Delta Air Lines Inc. Chief Executive Ed Bastian has put a price tag on CrowdStrike Inc.’s debilitating outage to his airline, $500 million, leaving the company “no choice” but to seek damages from five days of disruptions.
“They haven’t offered us anything” but free consulting, Bastian told CNBC’s Squawk Box on Wednesday. “We have no choice. We have to protect our shareholders, we have to protect our customers (and) our employees for the damage, not just the cost but the reputational damage.”
Delta has yet to file a lawsuit against either CrowdStrike or Microsoft Corp., but CNN reported the airline has hired the law firm of high-powered attorney David Boies to pursue compensation from the two companies.
Microsoft had no comment on Wednesday.
A CrowdStrike spokesperson said, “We are aware of the reporting, but have no knowledge of a lawsuit and have no further comment.”
CrowdStrike shareholders aren’t waiting. They sued the cybersecurity company on Thursday, accusing it of making “false and misleading” statements about its software testing. CrowdStrike’s stock plummeted 32% nearly two weeks after the incident, shaving $25 billion in the market. And more lawsuits could start flying, says Daniel Newman, CEO of The Futurum Group.
CrowdStrike denied the allegations of shareholders and vowed to contest the lawsuit. The company ended its most recent fiscal quarter with $3.7 billion in cash, $750 million in revolving credit lines, and insurance policies designed to mitigate the potential impact of any legal claims.
For Delta, whose stock is down 9% over the past month, the damages illustrate the devastating ripple effect on an interconnected digital economy. Airlines were among several industries that went offline, including banks, healthcare facilities, online shopping sites and media companies. Fortune 500 companies in the U.S., excluding Microsoft, could lose $5.4 billion from the outage, according to insurer Parametrix. Global insured losses are being pegged at $15.3 billion.

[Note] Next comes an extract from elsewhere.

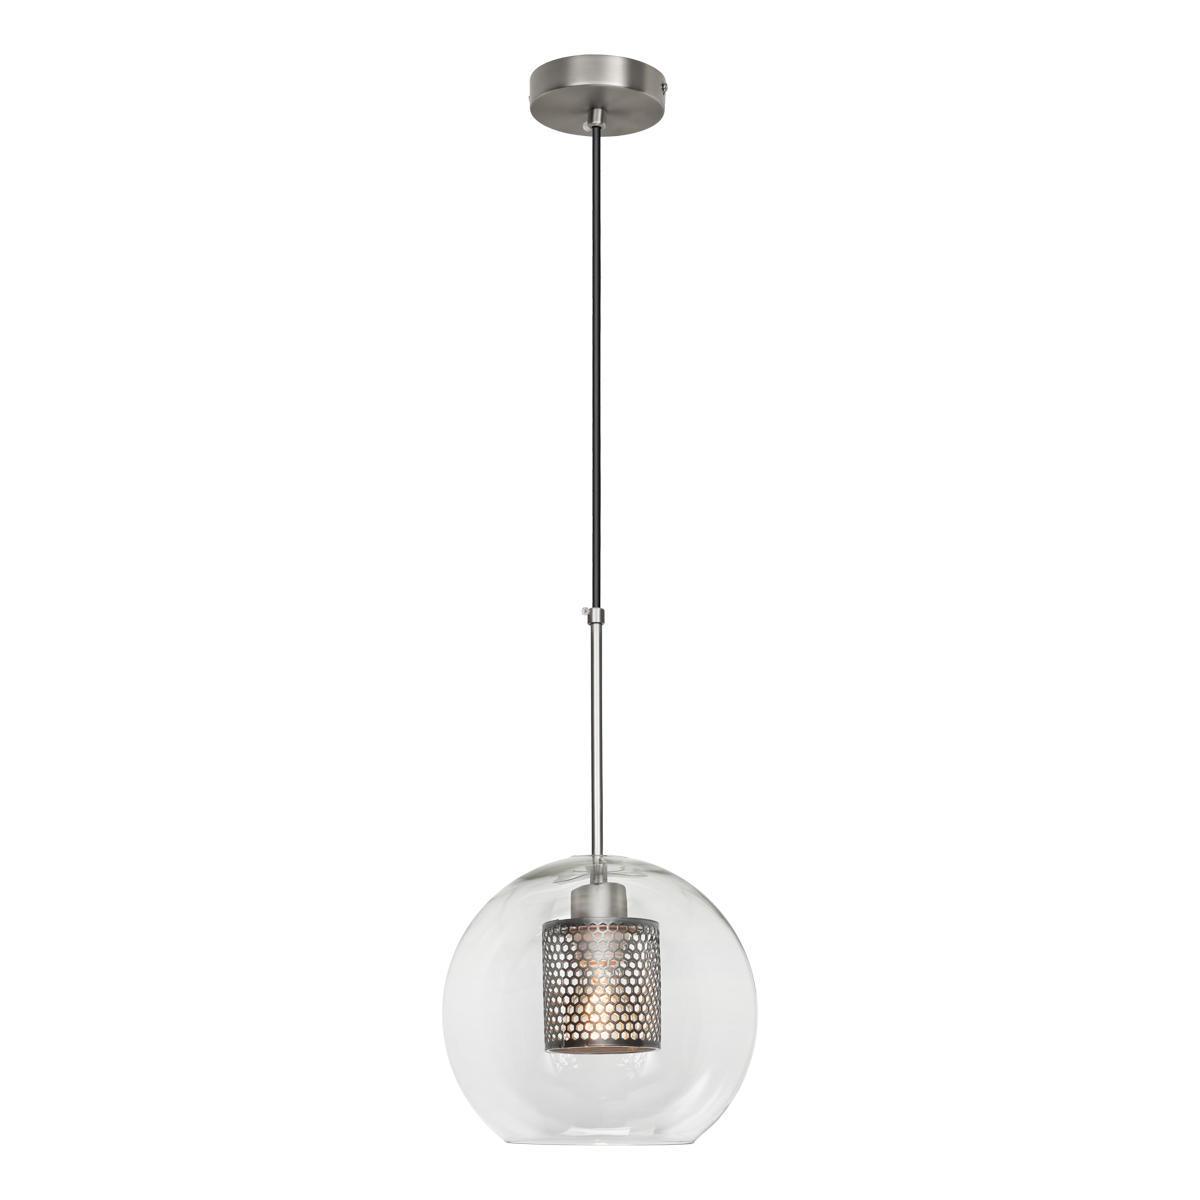 Подвесной светильник Loft It Hexagon LOFT2567-B, 1xE27x60W - фото 1

“The CrowdStrike outage is an example of what happens when platformization, or platform consolidation, fights back. There is a dangerous resiliency problem for enterprises and critical infrastructure teams that will only worsen as IT consolidation increases,” Tim Eades, CEO and co-founder at Anetac, said in an email message. “Enterprises need to test, test and test again and only deploy critical patches after testing. They cannot rely solely on that of the platform players.”
The incident is particularly galling for Bastian, who has made it a personal mission to automate Delta and the airports it serves. It has also rankled customers of the airline, which prides itself for its customer service. Delta’s cascading technical disruptions and angry customer reaction sparked an investigation by the Department of Transportation.
“If you’re going to have priority access to the Delta ecosystem in terms of technology, you’ve got to test this stuff,” Bastian said. “You can’t come into a mission-critical 24/7 operation and tell us we have a bug. It doesn’t work.”
The botched software update forced Delta to cancel more than 6,000 flights — or as many as it had in 2019 — over five days. Delta had to manually reset 40,000 servers, Bastian said, to reboot its crucial crew tracking system so it could find pilots and flight attendants to fly its fleet.
The resulting delays left about 500,000 Delta passengers stranded and required days for them to rebook flights and recover checked bags.